The Vauxhall Zafira goes by many names, called the Chevrolet Zafira in Mexico and Chile and the Opel Zafira in China, Japan, Taiwan, Singapore, and South Africa. It is only referred to as the Vauxhall Zafira in the United Kingdom. All other parts of Europe call it the Opel Zafira as well. The first-generation model is known as Zafira A and it first entered the market in 1999. The second-generation Zafira B followed suit in 2005, while the third-generation Zafira Tourer C was made available in 2011. When it was first released, it brought a nice surprise for being innovative with the Flex 7 seat-folding technology.
The Vauxhall Zafira Tourer is larger than earlier models, featuring wider tracks and a longer wheelbase that frees up cabin space and makes it easier to fold down rearmost seats. Mechanically, the Zafira Tourer is a conventional model. Petrol and diesel engine options are available to address more needs.
In keeping with the innovation that the Zafira is known for, the Tourer boasts of ingeniously reconfigured seats where the middle row folds to reveal a flat load floor. Aside from opening up luggage room, good foot space and leg room is offered by the Zafira Tourer. Small-scale storage is also provided, thanks to no less than 30 trays, bins, cubbies, and drink holders in the car.
Steering is swift and responsive and complemented by impressive roll-free cornering, predictable behaviour on the limit, and strong grip that proves the Zafira Tourer is indeed part of the MPV segment. Add great torque and you have a family vehicle that is surprisingly efficient and offers an enjoyable enough cross-country experience. As an option, the Flexride adaptive damping system is also available, highly recommended for those who can make room for it.
For companies looking to build their fleet, the Vauxhall Zafira is a great candidate thanks to discounts to be enjoyed because it produces low carbon dioxide emissions.
The Vauxhall Zafira Tourer’s engine tapers off before 4000 rpm, a tell-tale sign that that it follows a more old-school design. Typically, wider powerbands will be in place and there will be less rattling, but not with the Zafira Tourer. Decent fuel economy is to be expected but opting for a 1.8 petrol engine is not ideal because of the car’s weight and carrying capacity.
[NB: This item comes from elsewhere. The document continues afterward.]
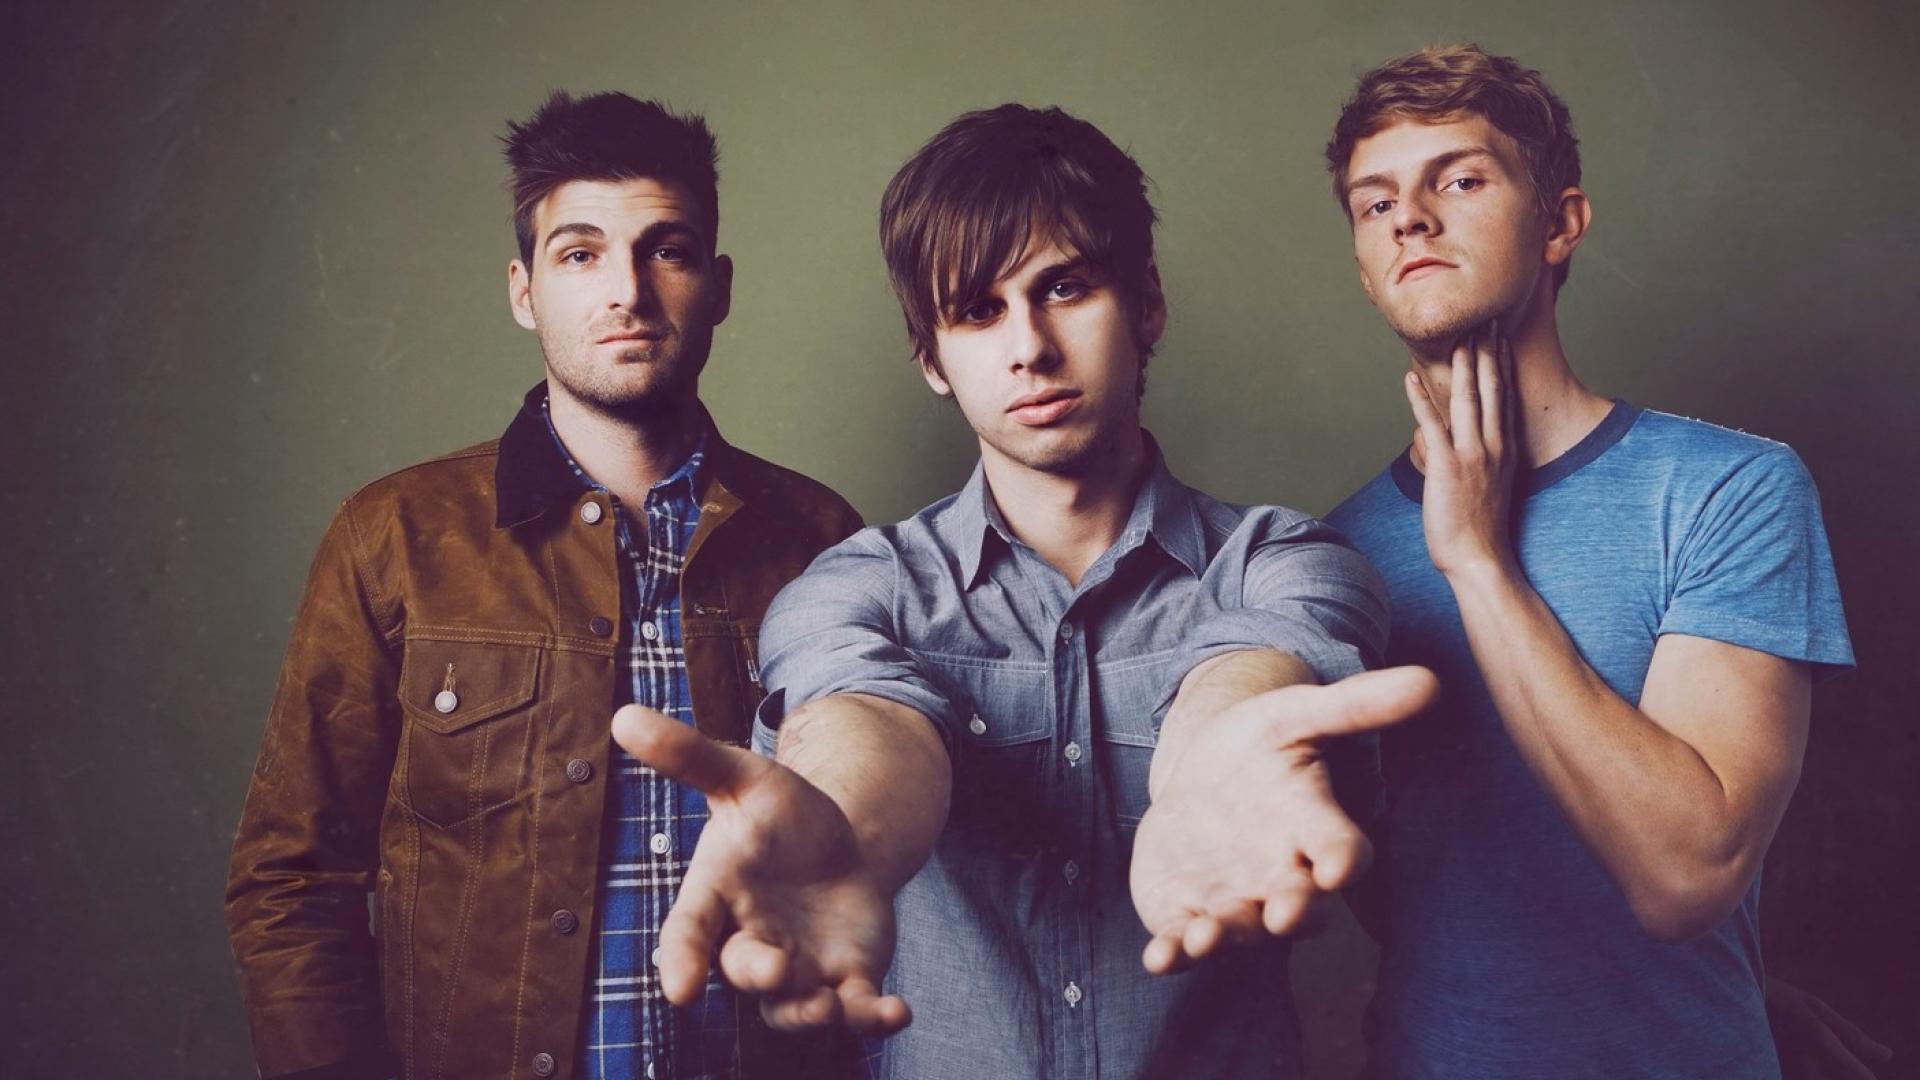 Awesome face pop punk foster the people wallpaper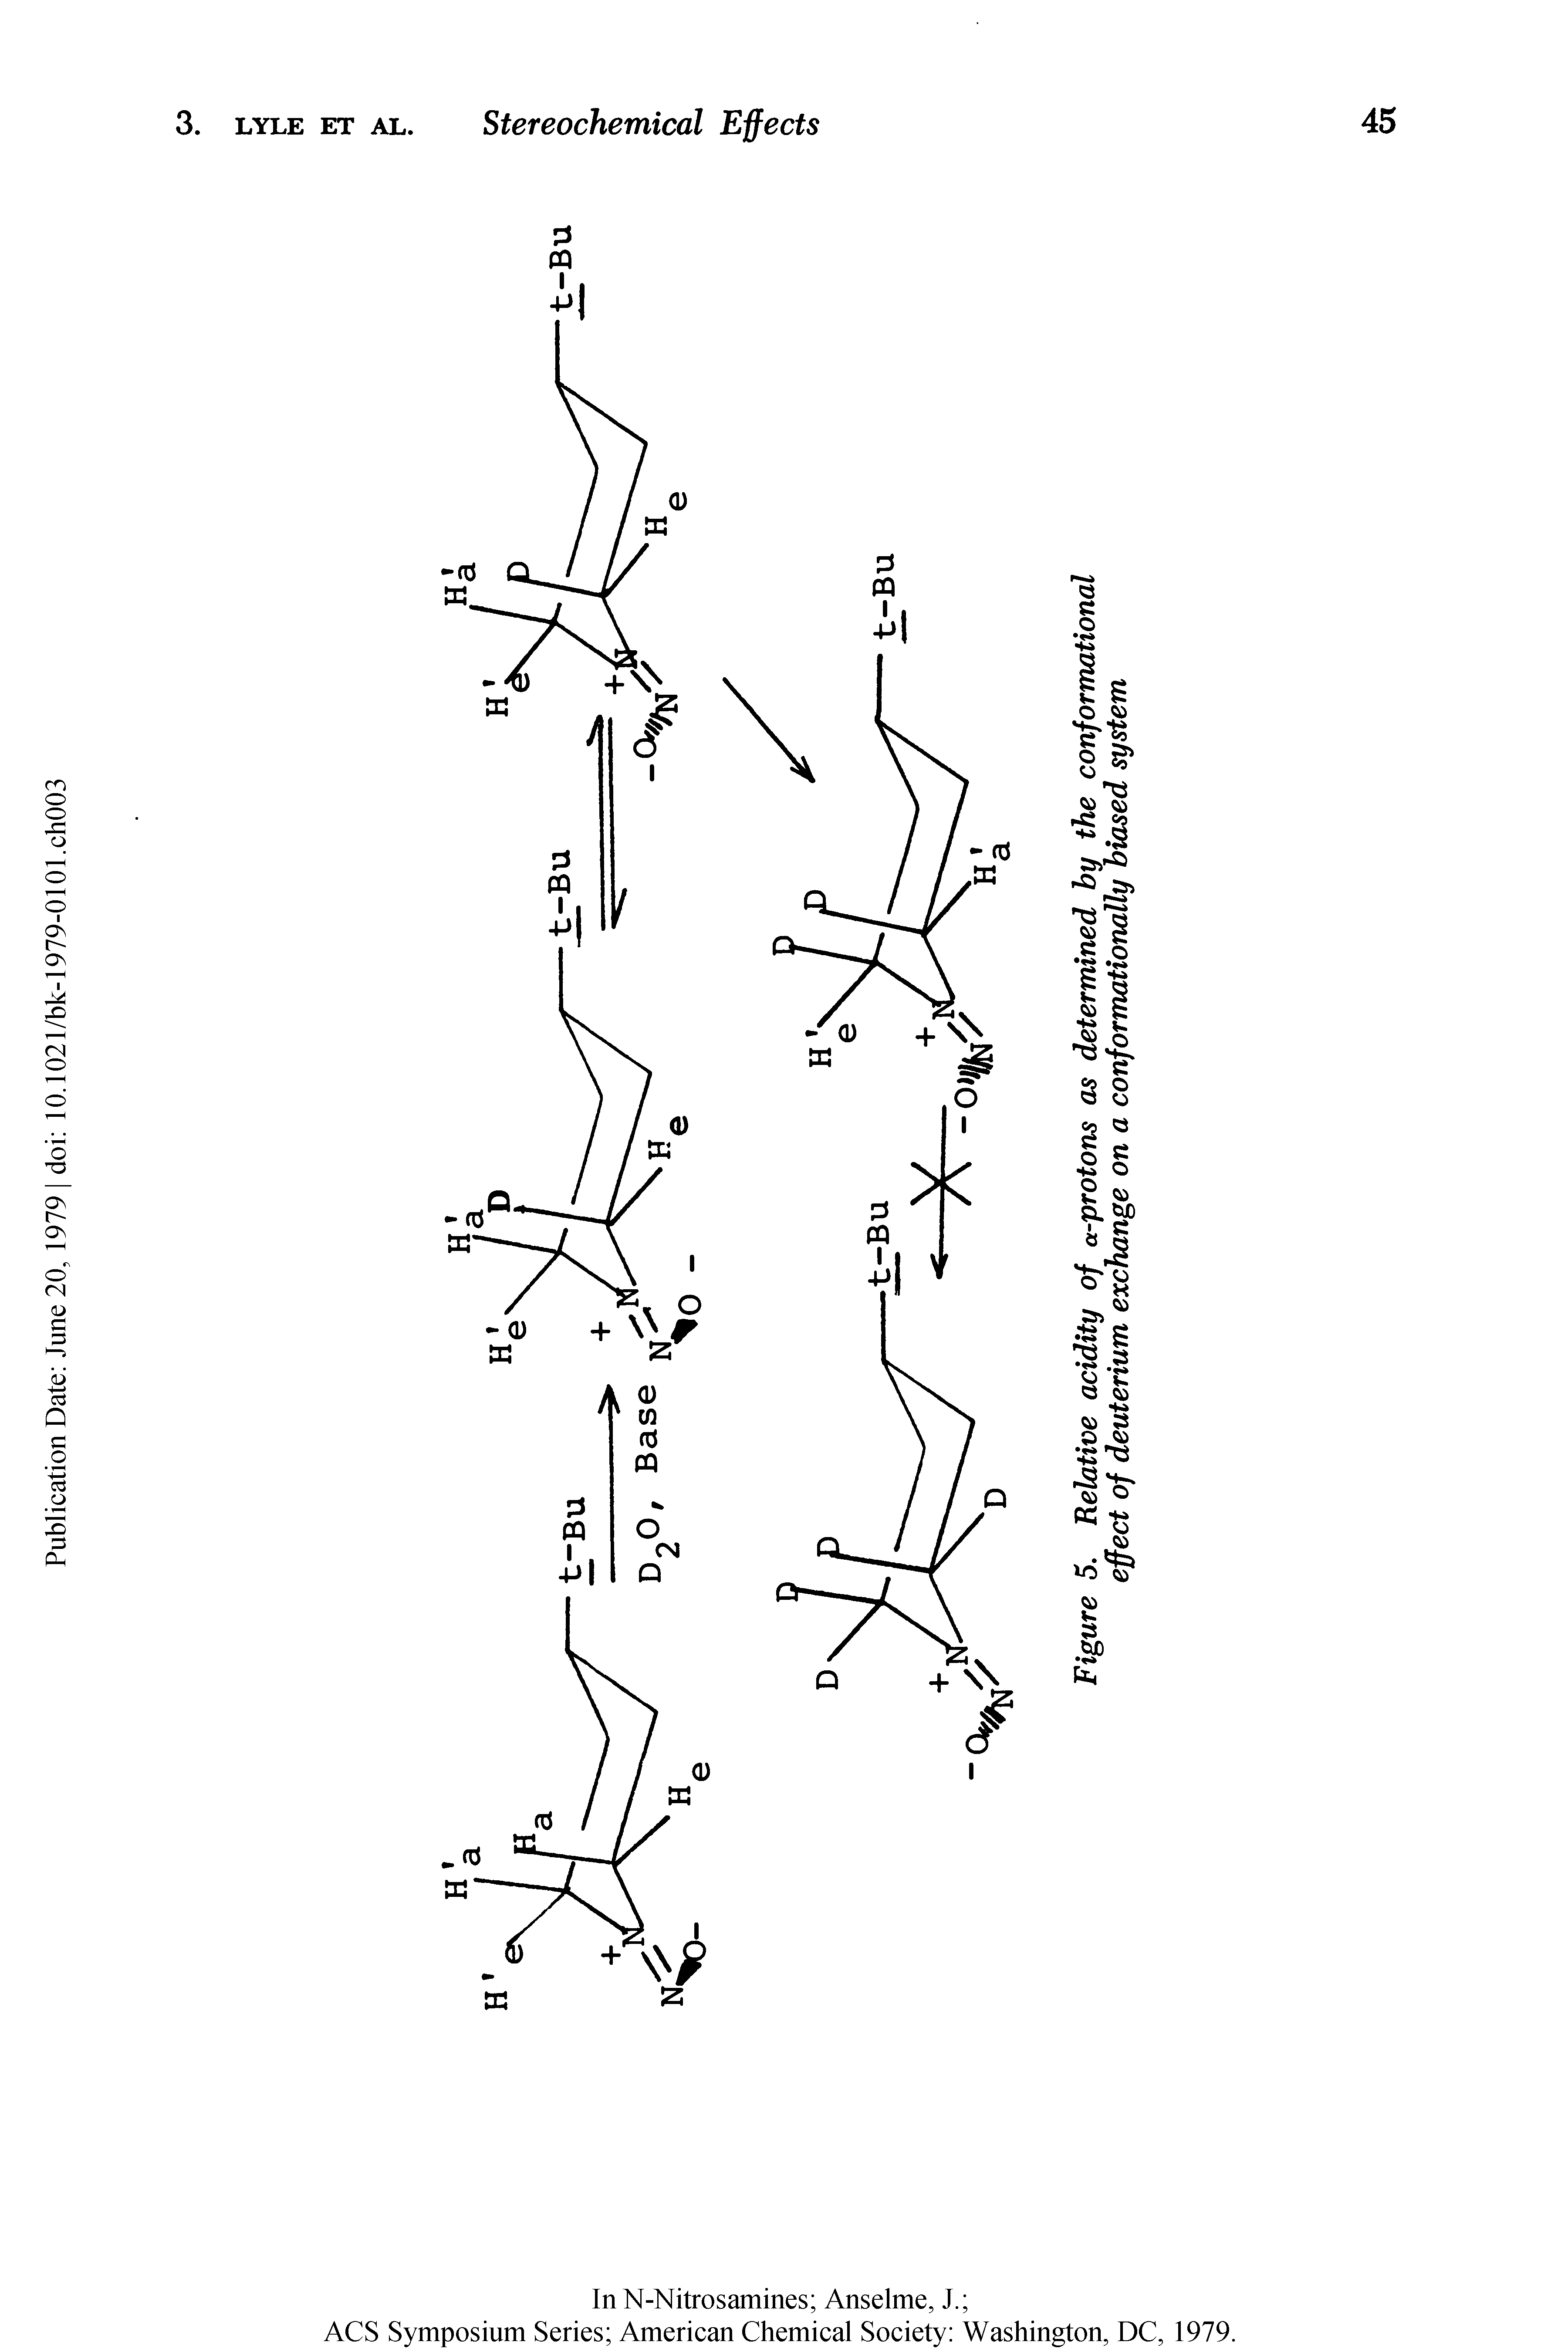 Figure 5. Relative acidity of a-protons as determined by the conformational effect of deuterium exchange on a conformationally biased system...

While the Vauxhall Zafira is intended for wheeling around families, it is left wanting in the comfort department, weirdly dealing well with larger troughs but struggling with smaller bumps. A bit of stability is added when the vehicle is loaded up but Zafira competitors fair better even without.
At the best combination of a powerful diesel engine and the plushest trimming, the Vauxhall Zafira Tourer fetches over £27,000. That’s not cheap and it’s not exactly value for money although you do get a panoramic windscreen, leather trims, dual-zone climate control, cruise control, heated sports front seats, and a DAB radio. To achieve best resale potential, parking sensors, Bluetooth, and satellite navigation should be added, prompting additional expenses for an already-expensive version of a vehicle.